I spent many years of my life making bad choices, being unhappy and stressed and hurting myself and other people because I was more worried about what other people thought of me than figuring out what I thought about myself.
I realized recently just how much I have changed. My life is filled with peace and an inner joy, not because of anything that happened on the outside but because I learned that in all honesty…. it doesn’t matter at all what any other person in the world thinks about me, it is all about what I think of myself. I live my life now for my happiness, not that I am being selfish, but because that is the only way to find happiness.
The past decade has seen me do a soul searching, life changing journey to find myself. I started the journey due to my love for my family and ended by finding a love for myself. It is funny but when you live your life trying to guess what will make everyone else happy- no one ends up happy. You were made to be you….flaws and all. It is okay that you have made mistakes in your life because every person that ever came to earth does. That is what life is all about….making mistakes until you find success.
When you learn a new skill like Math or Playing an instrument or how to preform your job. You are given training, you are walked through your mistakes and you learn as you go…life is about learning how to live. You are trained as you go, learning from your mistakes and pick up skills as you pick yourself up after each stumble. No one knows how to live perfectly. Everyone has their struggles, you have never failed until you have given up and don’t try one more time. That is what the joy of life is…you can always try one more time. It doesn’t matter what you did a decade ago, a year ago, a day or even a minute ago…it is about what you do in this present moment.
If you see yourself as a nice person…be nice in this moment, and the next and the next…before you know it your day, week, month, life….is filled with nice actions because you lived each moment being nice.

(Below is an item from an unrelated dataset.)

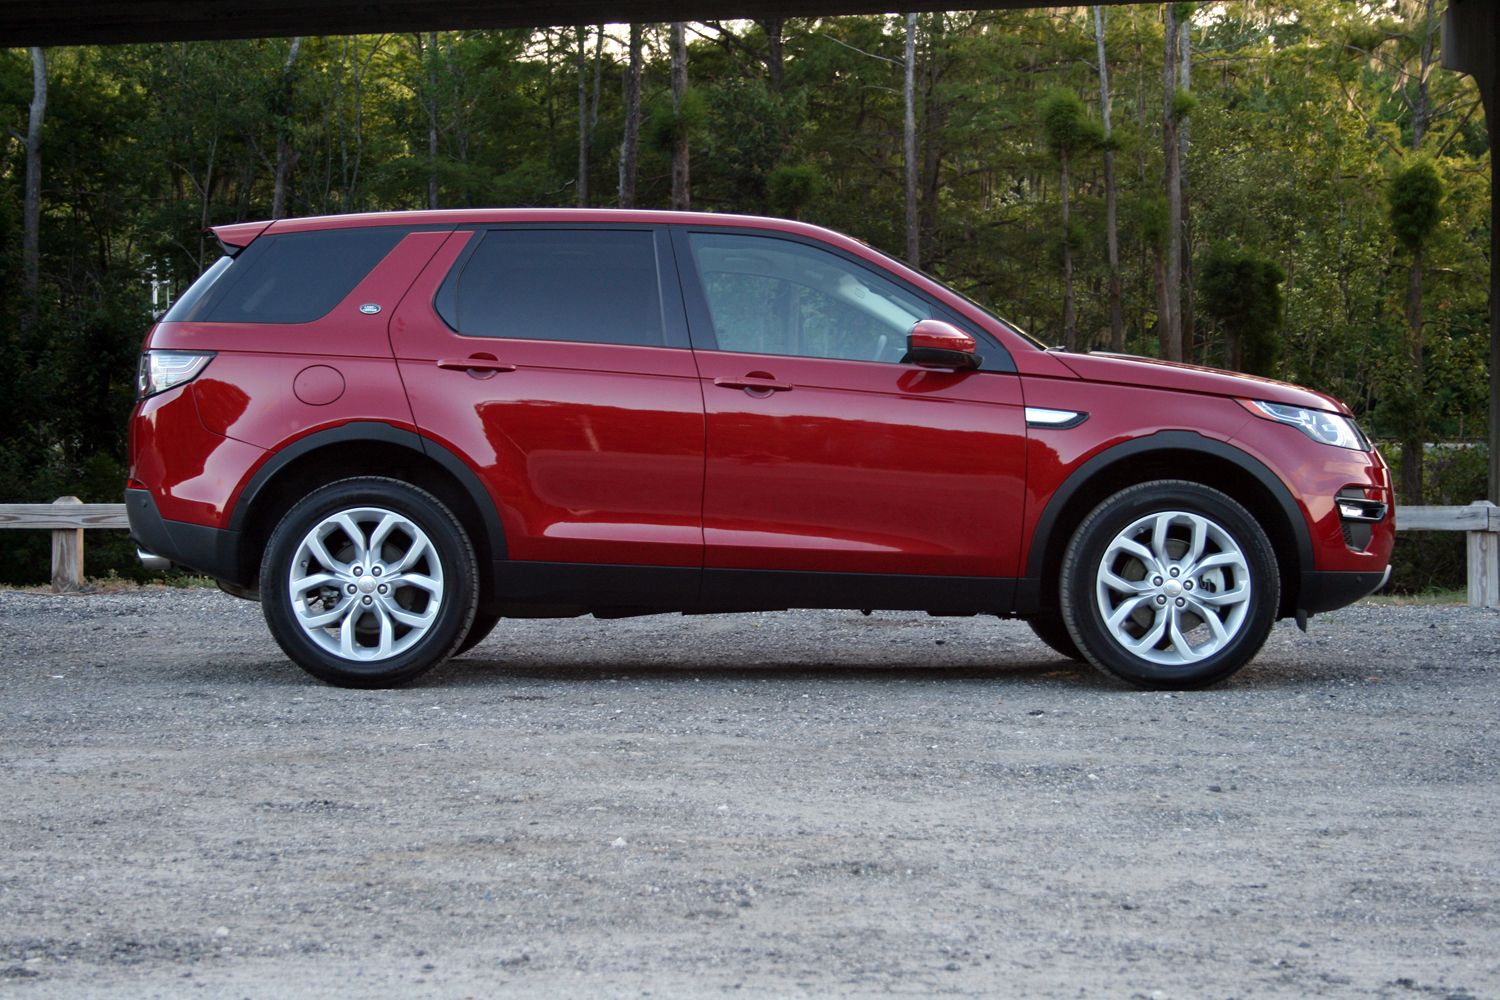 2015 Land Rover Discovery Sport - Driven

It doesn’t matter if the person in front of you is calling you mean or telling you that you are a failure….it is about how YOU see yourself…if you are nice in that moment and the next then your actions show you are a nice person…, if you get up and try again and again then your actions show you are not a failure.
I felt a burden, weight and stress lifted from my life as I started living each moment being who I wanted to be, not who I thought others wanted. I find peace in each moment and happiness in even the most difficult of trials because I live each moment being me…the person I want to be and as I found love for myself I realized how many loved ones I have that like who I am and how many reasons there are to be happy just because I’m me.